* Exercise requirements *
For this exercise, reproduce the entries below exactly, but only from the line containing "calacatta-monaco-quartz" through the line containing "Main Image - G-Star", both included.

* Material to process *
━━━━━━━━━━━━━━━━━━━━
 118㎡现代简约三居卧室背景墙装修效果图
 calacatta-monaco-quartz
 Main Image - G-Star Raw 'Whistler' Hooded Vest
━━━━━━━━━━━━━━━━━━━━
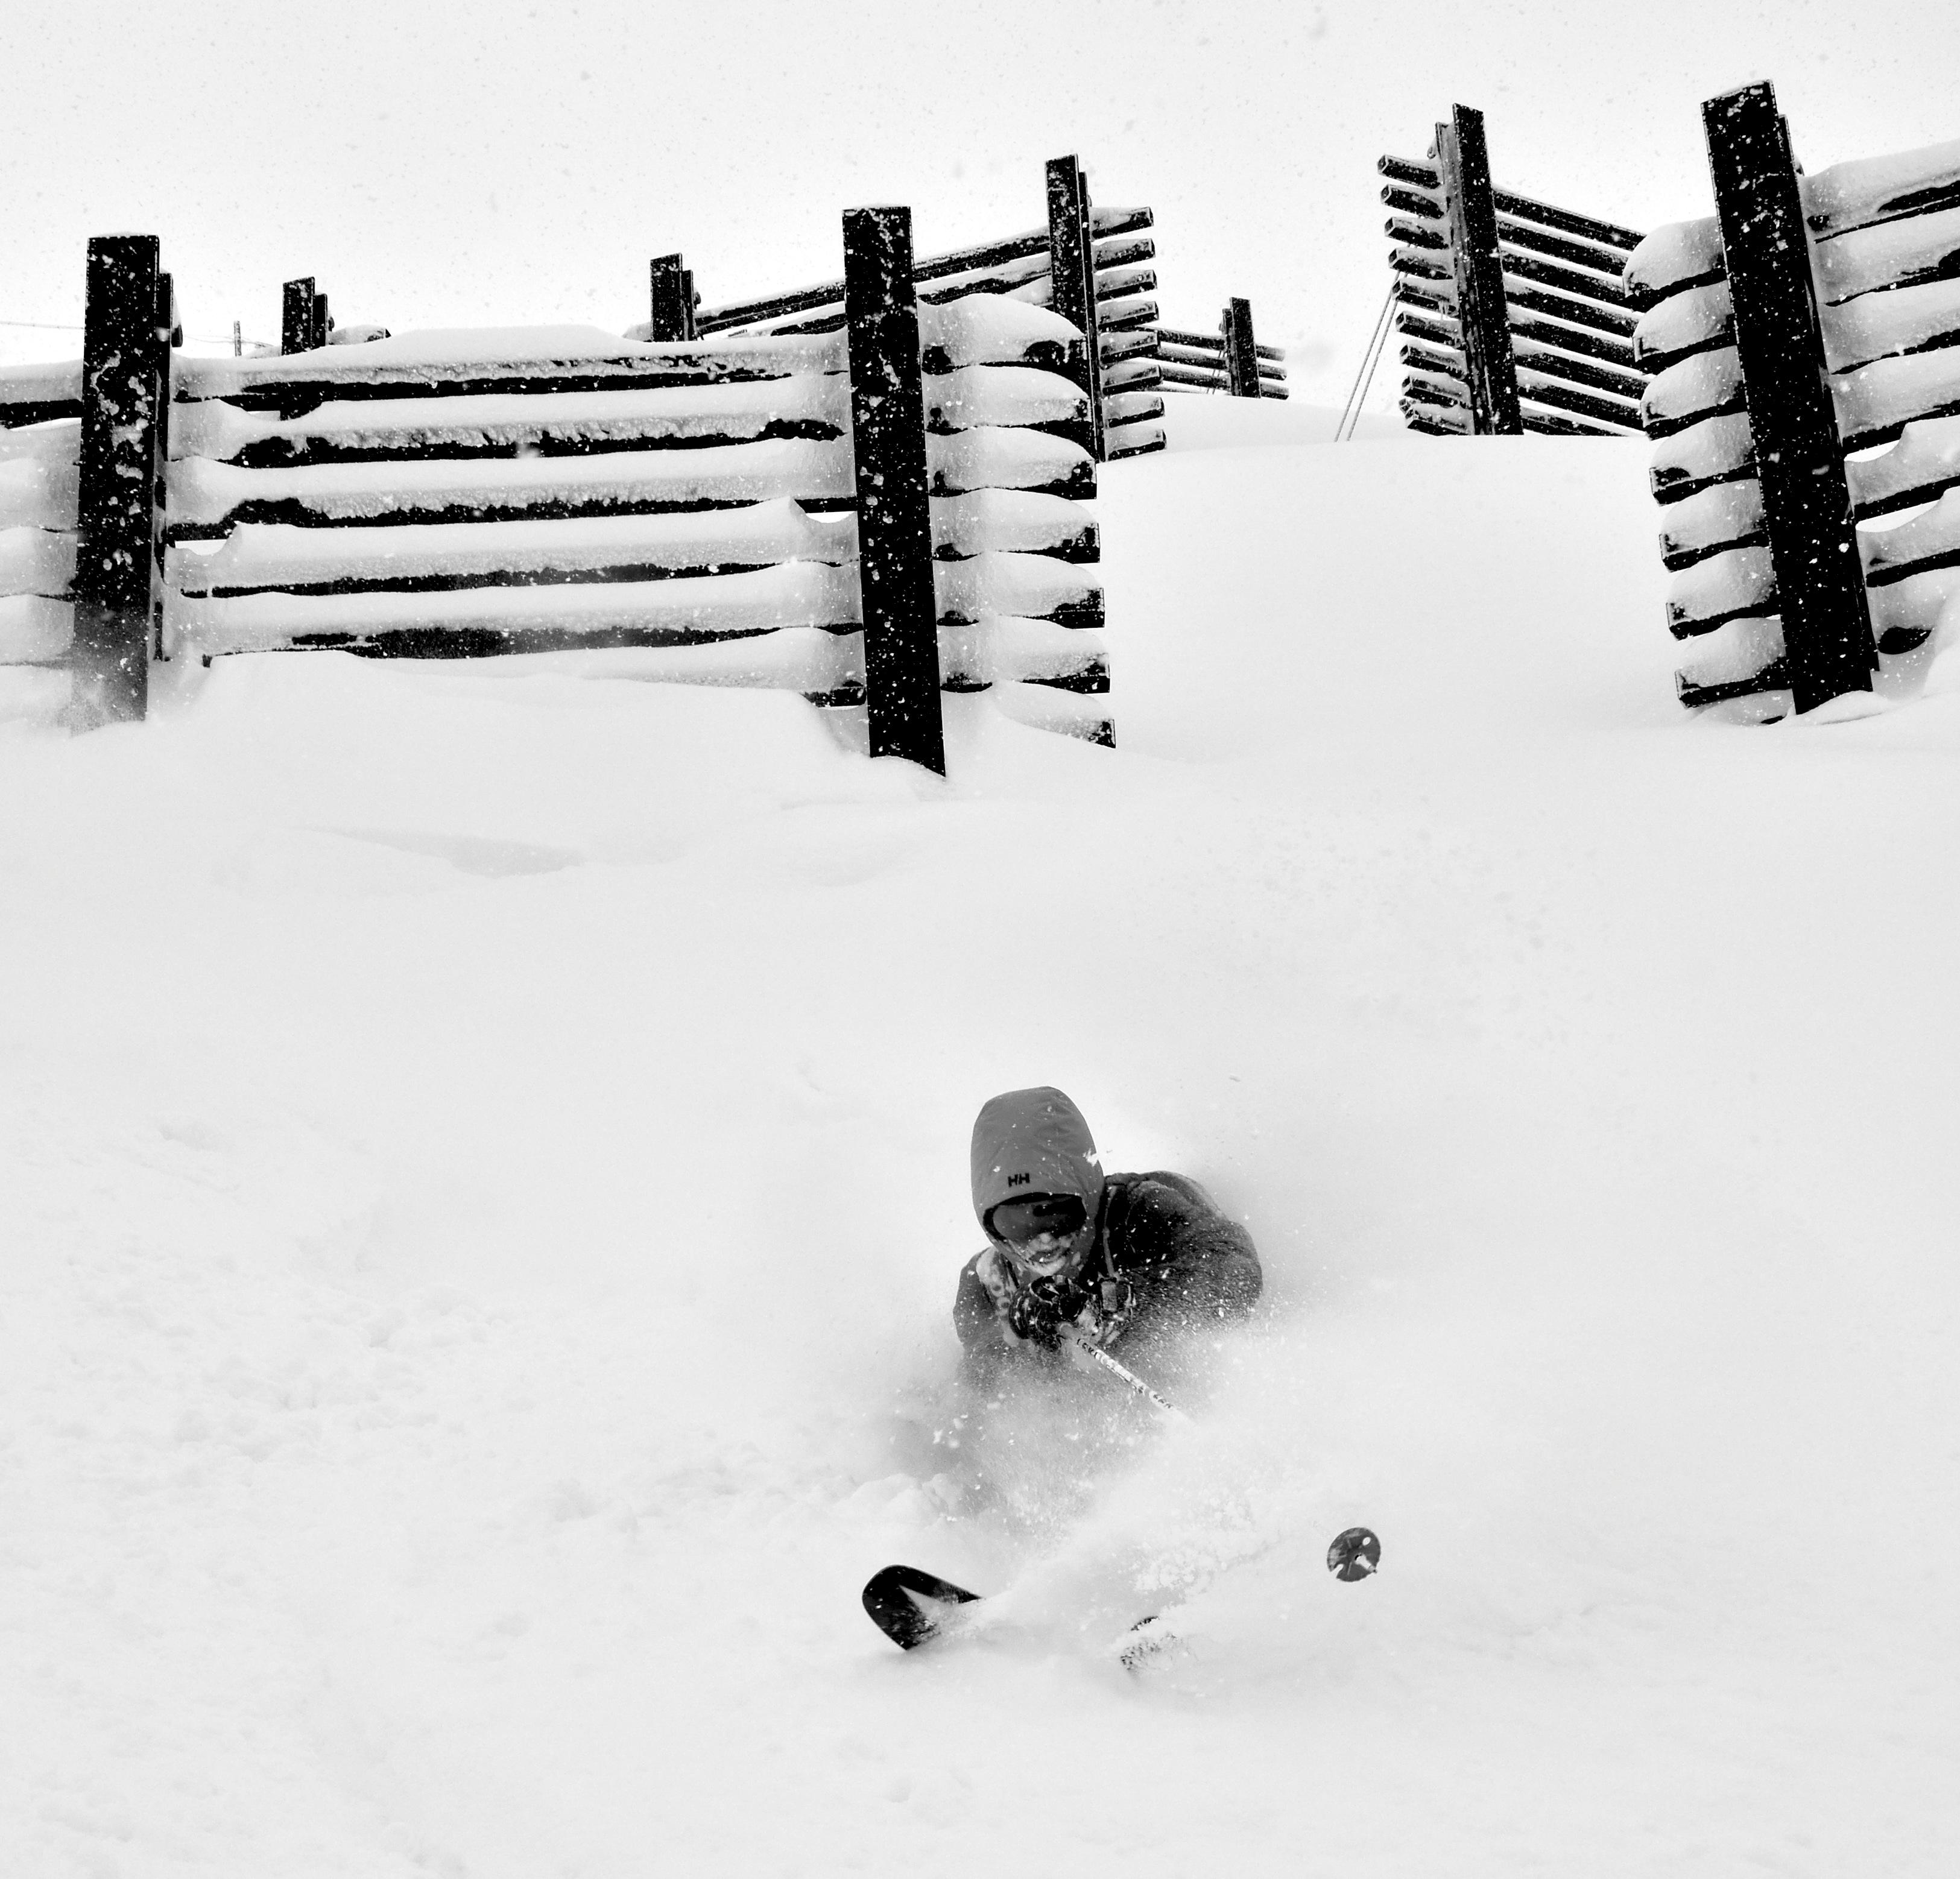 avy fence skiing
━━━━━━━━━━━━━━━━━━━━
* Written answer *
 calacatta-monaco-quartz
 Main Image - G-Star Raw 'Whistler' Hooded Vest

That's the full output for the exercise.